··· STORED DATA ···

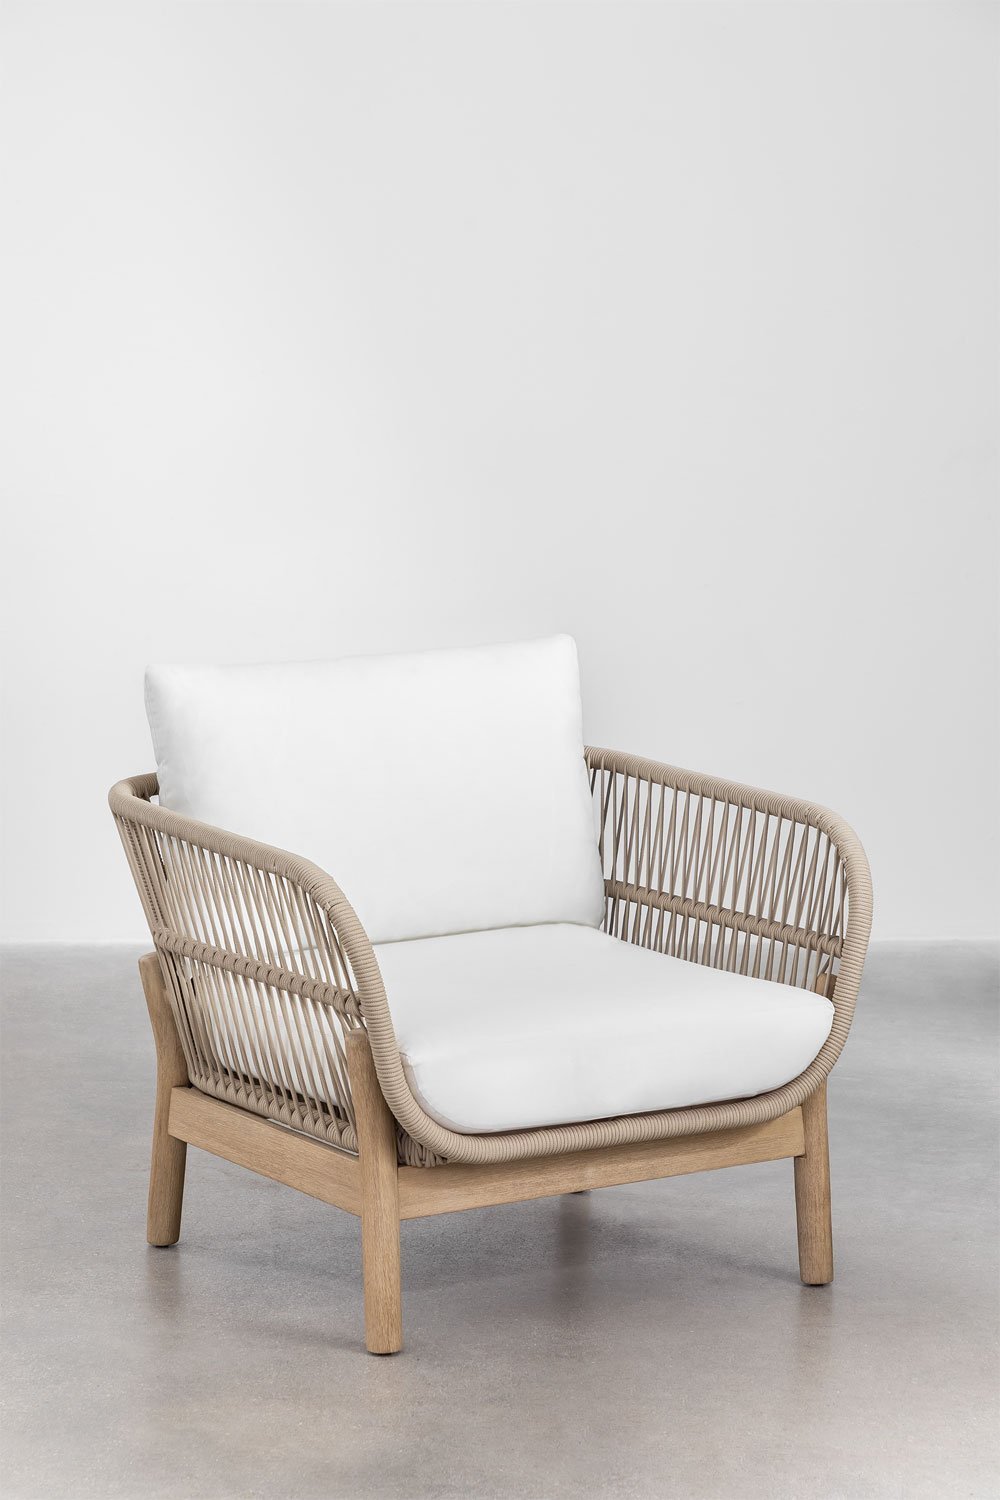 Karvia fauteuil van aluminium en acaciahout, galerij beeld 1
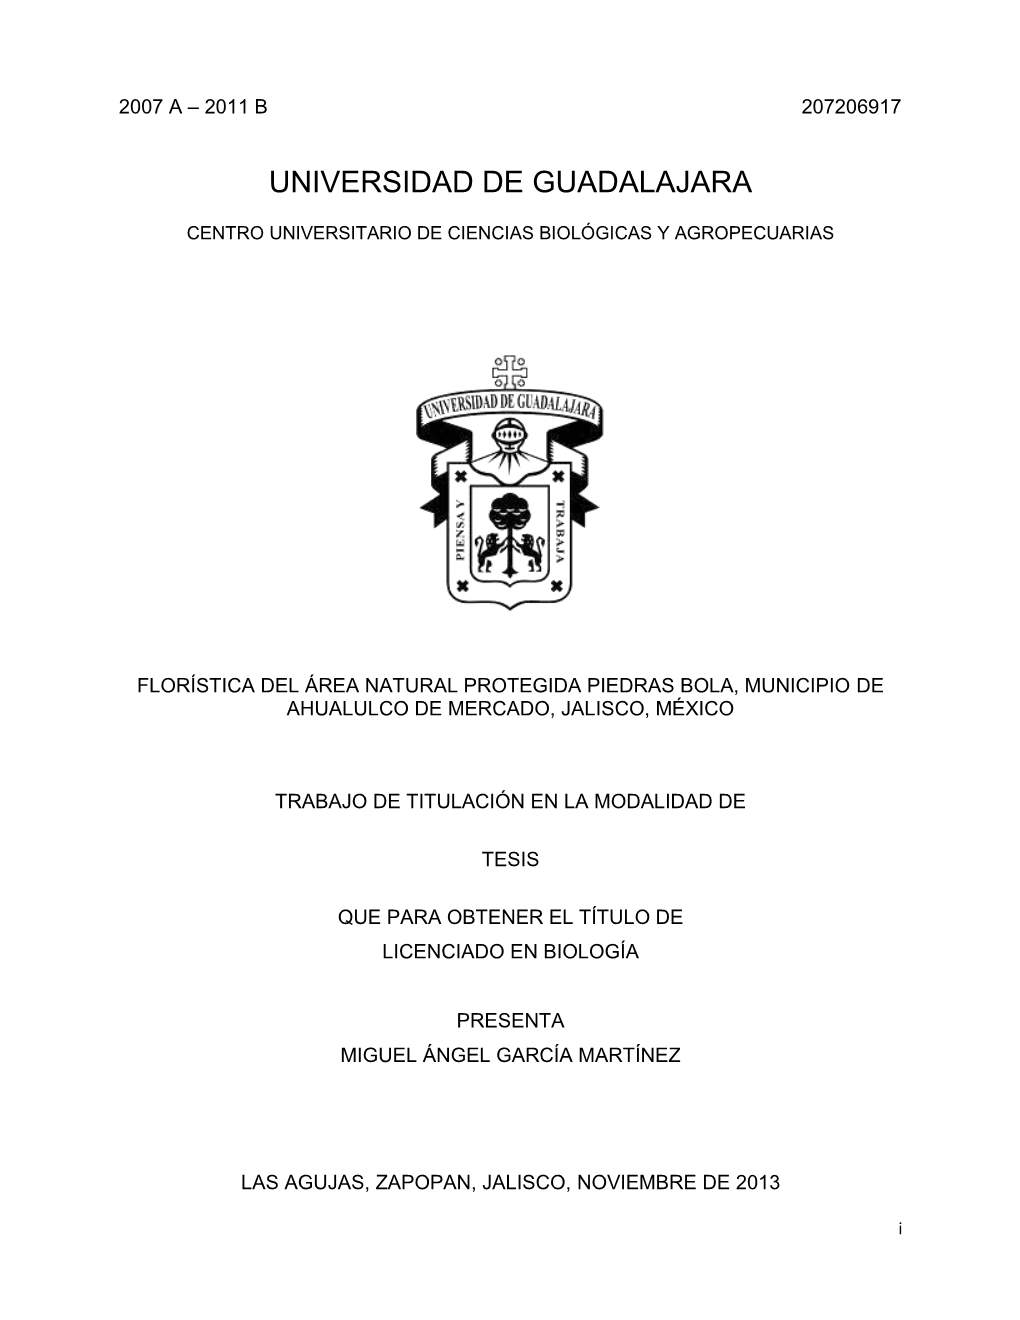 Universidad De Guadalajara
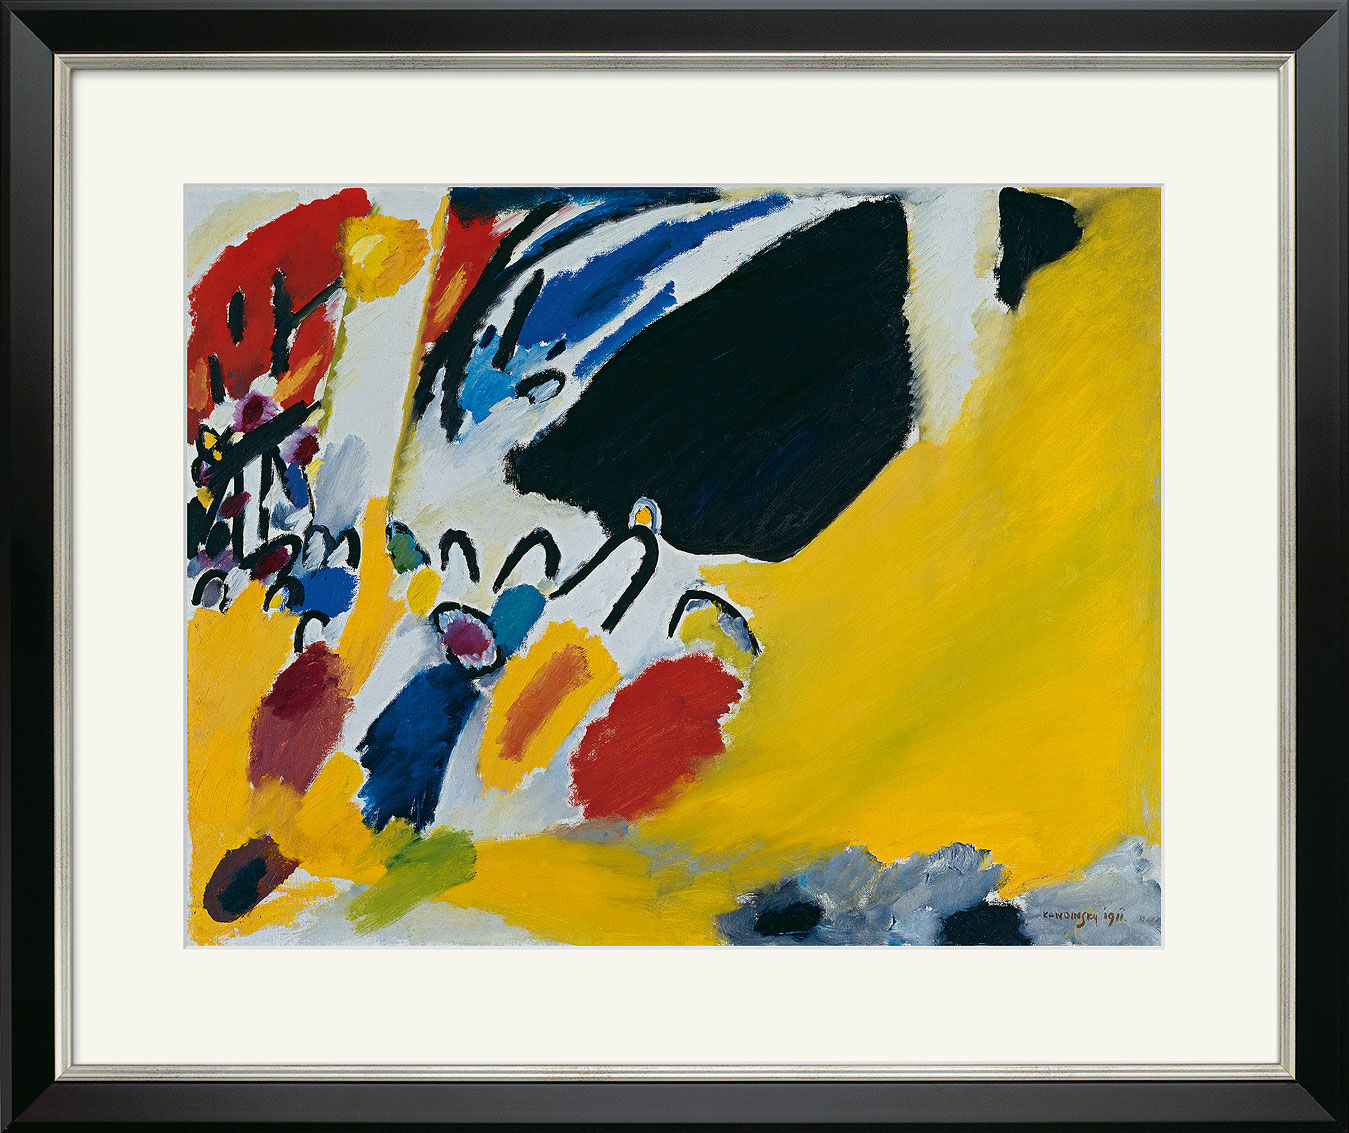 Billede "Impressions III (Concert)" (1911), indrammet von Wassily Kandinsky

···

**PROBLEM STATEMENT**
Please write the material out again exactly as shown above, minus any pictures.

**YOUR SOLUTION**
 Karvia fauteuil van aluminium en acaciahout, galerij beeld 1
 Universidad De Guadalajara
 Billede "Impressions III (Concert)" (1911), indrammet von Wassily Kandinsky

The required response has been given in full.